Task:
With the pictures left aside, write out exactly the lines of the listing below from the line with "Вода халяль. Халяль." to the line with "COTE D'IVOIRE FDC", both included, and only those.

Records for the task:
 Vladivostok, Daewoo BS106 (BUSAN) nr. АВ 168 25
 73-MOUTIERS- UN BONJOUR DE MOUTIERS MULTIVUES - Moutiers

--

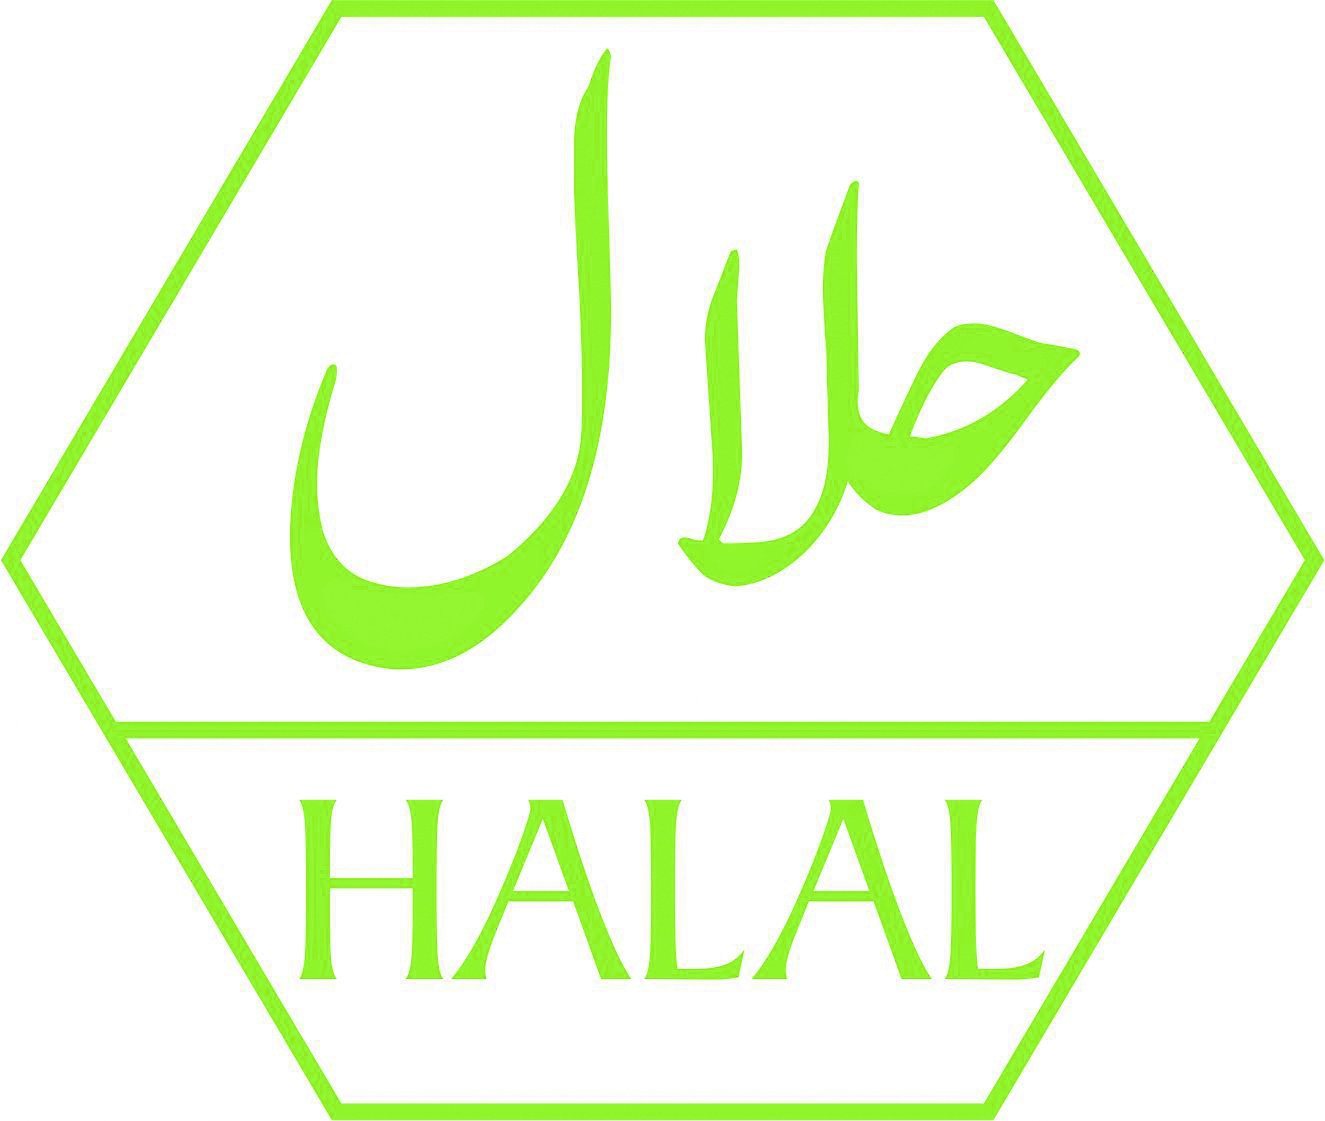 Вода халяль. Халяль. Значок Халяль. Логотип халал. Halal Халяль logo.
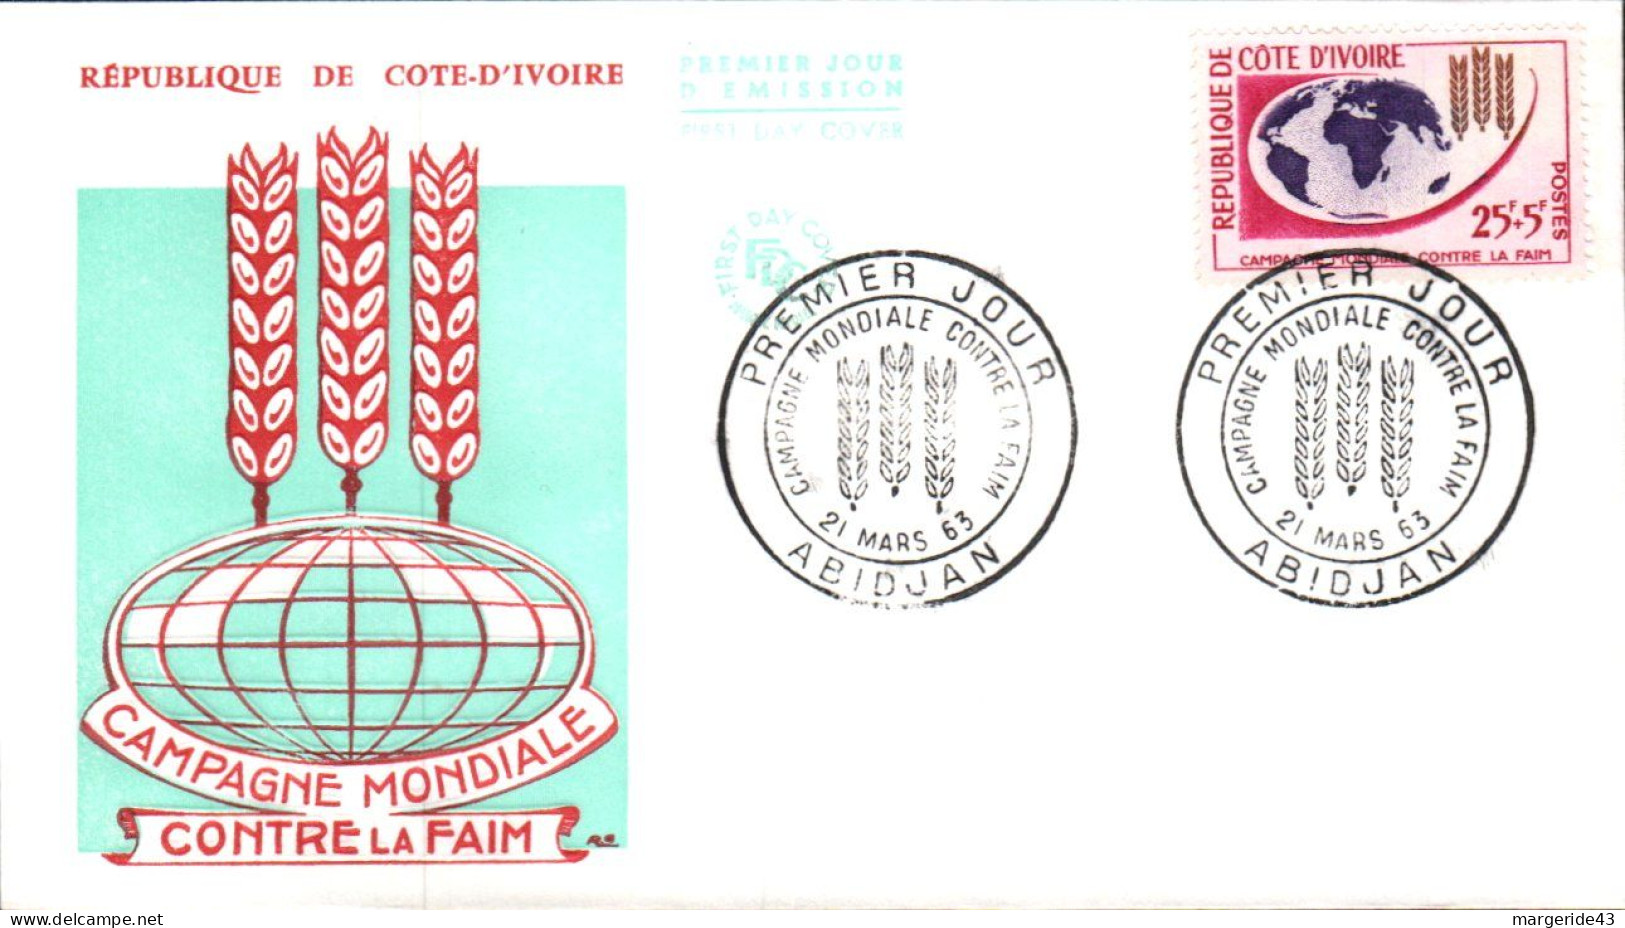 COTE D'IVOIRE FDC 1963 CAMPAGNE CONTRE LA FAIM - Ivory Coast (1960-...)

Written answer:
 Вода халяль. Халяль. Значок Халяль. Логотип халал. Halal Халяль logo.
 COTE D'IVOIRE FDC 1963 CAMPAGNE CONTRE LA FAIM - Ivory Coast (1960-...)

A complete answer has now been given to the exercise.